Si para un mormón, por ejemplo, el amor admite la poligamia, para un católico, el
amor no puede ser referido a éste o cualesquier otro comportamiento porque, en
definitiva, toda conducta debe estar en coherencia con la verdad, no sólo de la
razón, sino sobre todo, de la propia fe. La verdades de nuestra fe que solemos
llamar “dogmas” o “doctrinas”, se apoyan siempre en la verdad fundamental de
Jesucristo como expresión del amor del Padre. En efecto, para san Juan, amar y
conocer no son cosas distintas, por eso dice “Quien no ama no conoce a Dios
porque Dios es amor” (1 Jn.4,7). “Hemos conocido su amor porque Cristo dio su
vida por nosotros” (1 Jn. 3, 16). Para los creyentes, el verdadero amor no consiste
en otra cosa, sino “en amarnos los unos a los otros como Cristo nos ha amado” (1
Jn.3,23). En consecuencia, como dice el Apóstol: “no amemos de palabra ni de
boca, sino con las obras y según la verdad” (1 Jn. 3,18).
III. ACTUAR:
¿Por qué existen tantos contrastes sociales en un país mayoritariamente católico?

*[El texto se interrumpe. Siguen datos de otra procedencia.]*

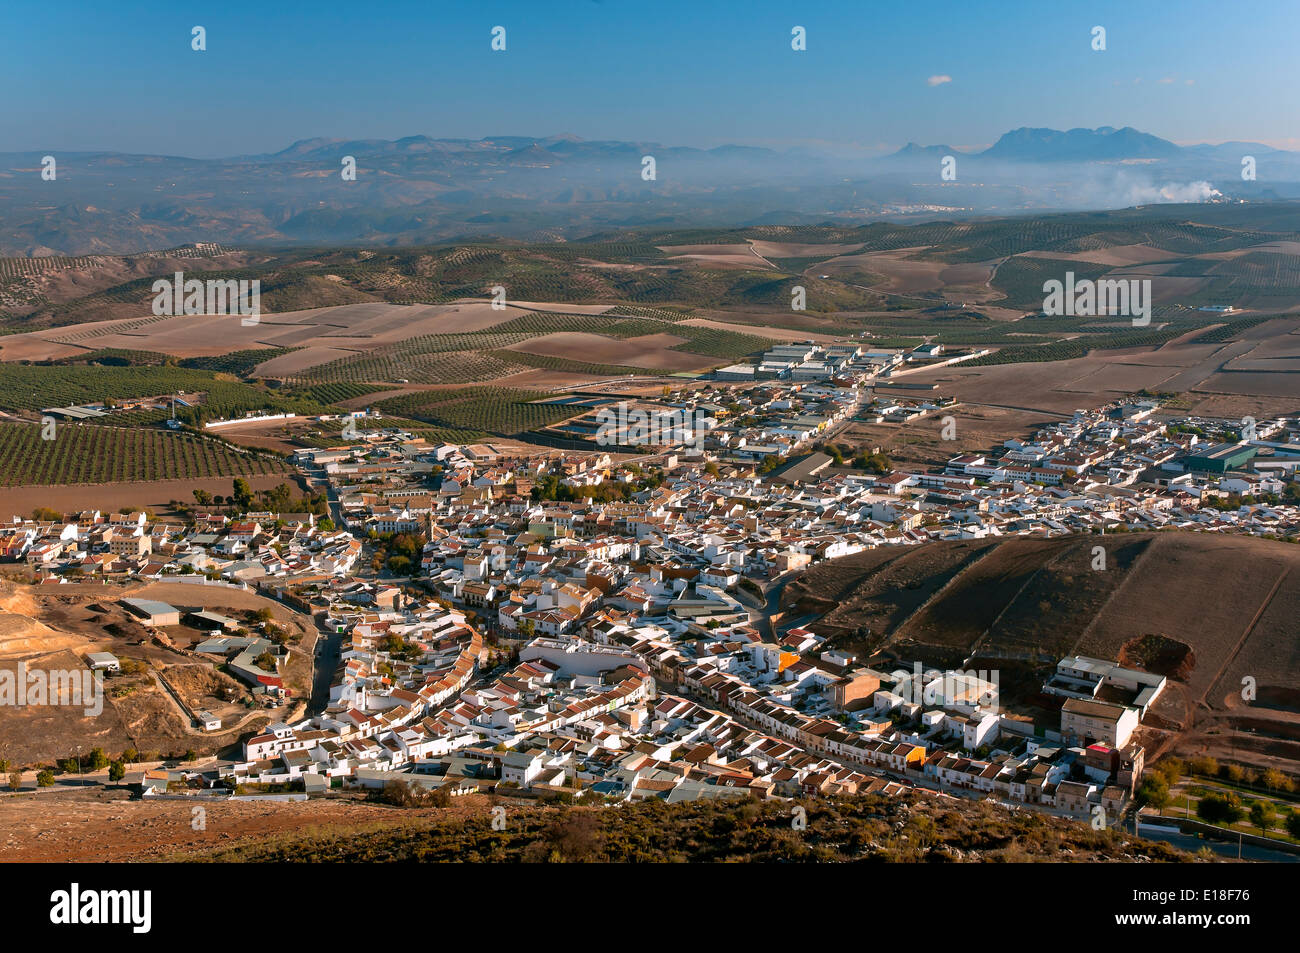 Vista panoramica, città sul percorso turistico dei banditi, Alameda, provincia di Malaga, regione dell'Andalusia, Spagna, Europa Foto Stock
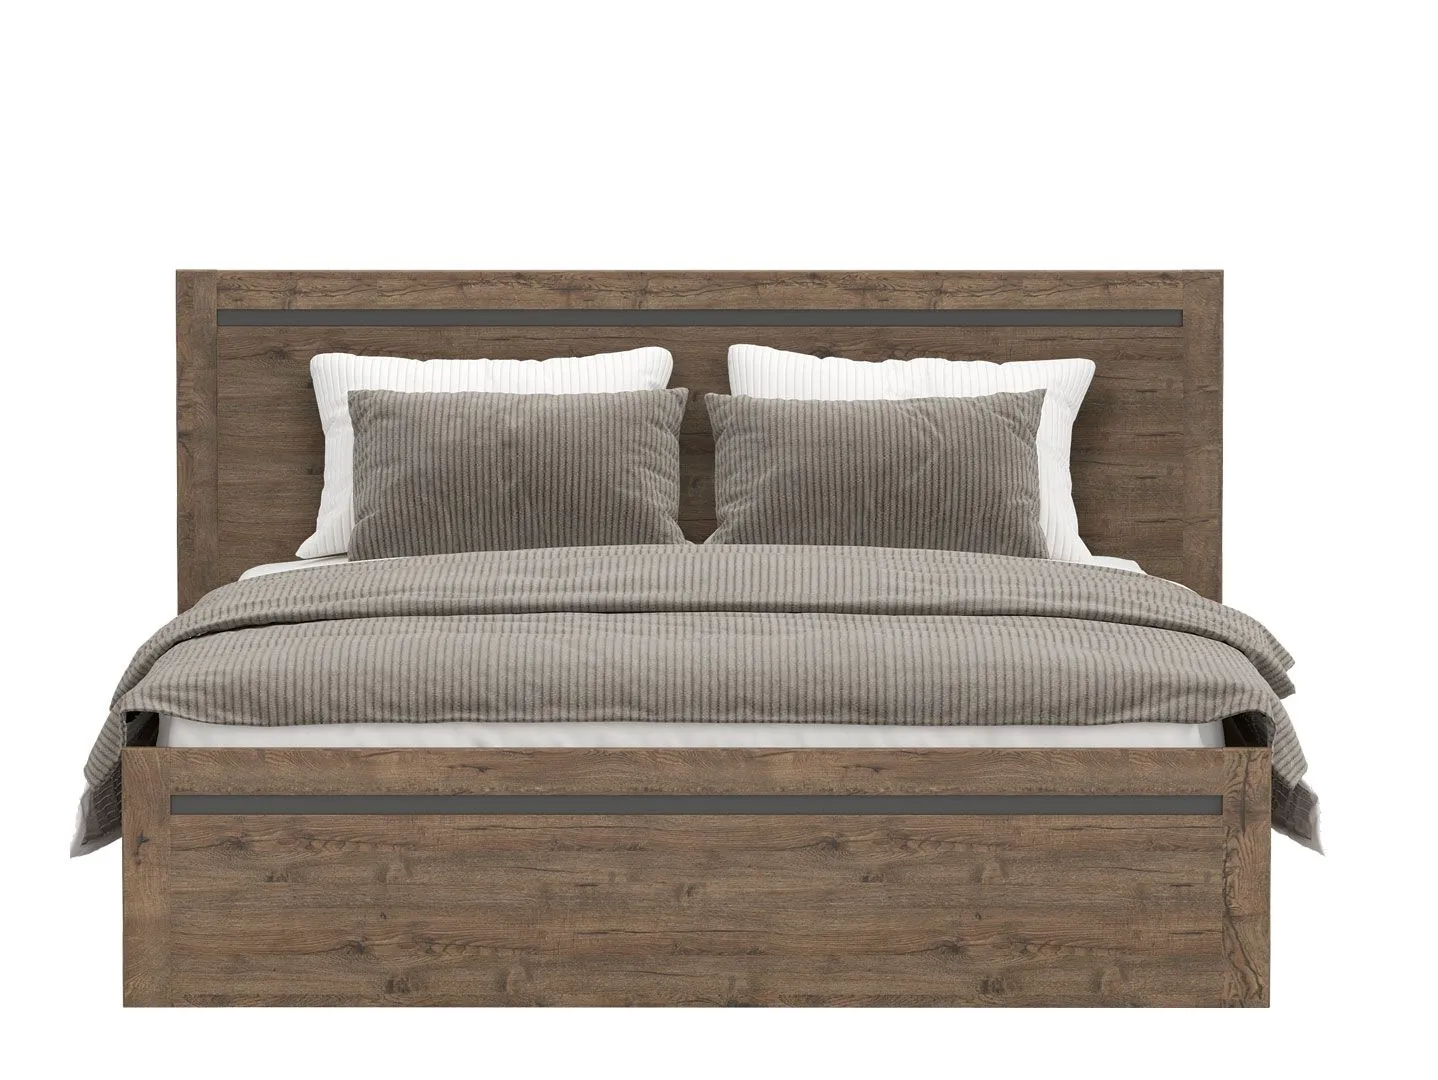 Спальня | Кровати | КАДА Кровать LOZ160х200 с подъемным механизмом Мебель ☆ IDEA в Севастополе| BRW, Брест anons

¿cuáles son los sentimientos y pensamientos que se apoderan de mí cuando
enfrento situaciones adversas o atravieso por momentos desérticos? ¿Me
considero libre respecto a mi estatus, mi rol profesional o laboral, mis cosas y mis
afectos? ¿Cuáles son los ídolos o las grandes mentiras que orientan a nuestra
sociedad?
¿Cuáles son los pensamientos que me hacen estimarme y estimar a los demás?
Por el contrario, ¿qué pensamientos o situaciones me deprimen? Mi identidad
bautismal, como hijo de Dios, ¿es un valor que inspira y motiva mi vida y mis
relaciones?
¿Me dejo guiar por la Palabra de Dios o por mis propios criterios? Habiendo
conocido a Dios ¿regreso, con frecuencia, a viejos comportamientos cómodos? La
Palabra de Dios ¿es luz para mis pasos? (cf. Sal 119, 105)
¿Conozco a Jesucristo por mi lectura personal y orante de la Escritura? ¿Me
preocupo por conocer la enseñanza de Cristo y de su Iglesia? ¿Conozco las
razones por las que la Iglesia manda tales o cuales preceptos? ¿Qué
consecuencias sociales y políticas tiene mi profesión de fe en Jesucristo, el Hijo de
Dios, que no ambicionó ni pan, ni riquezas, ni poder?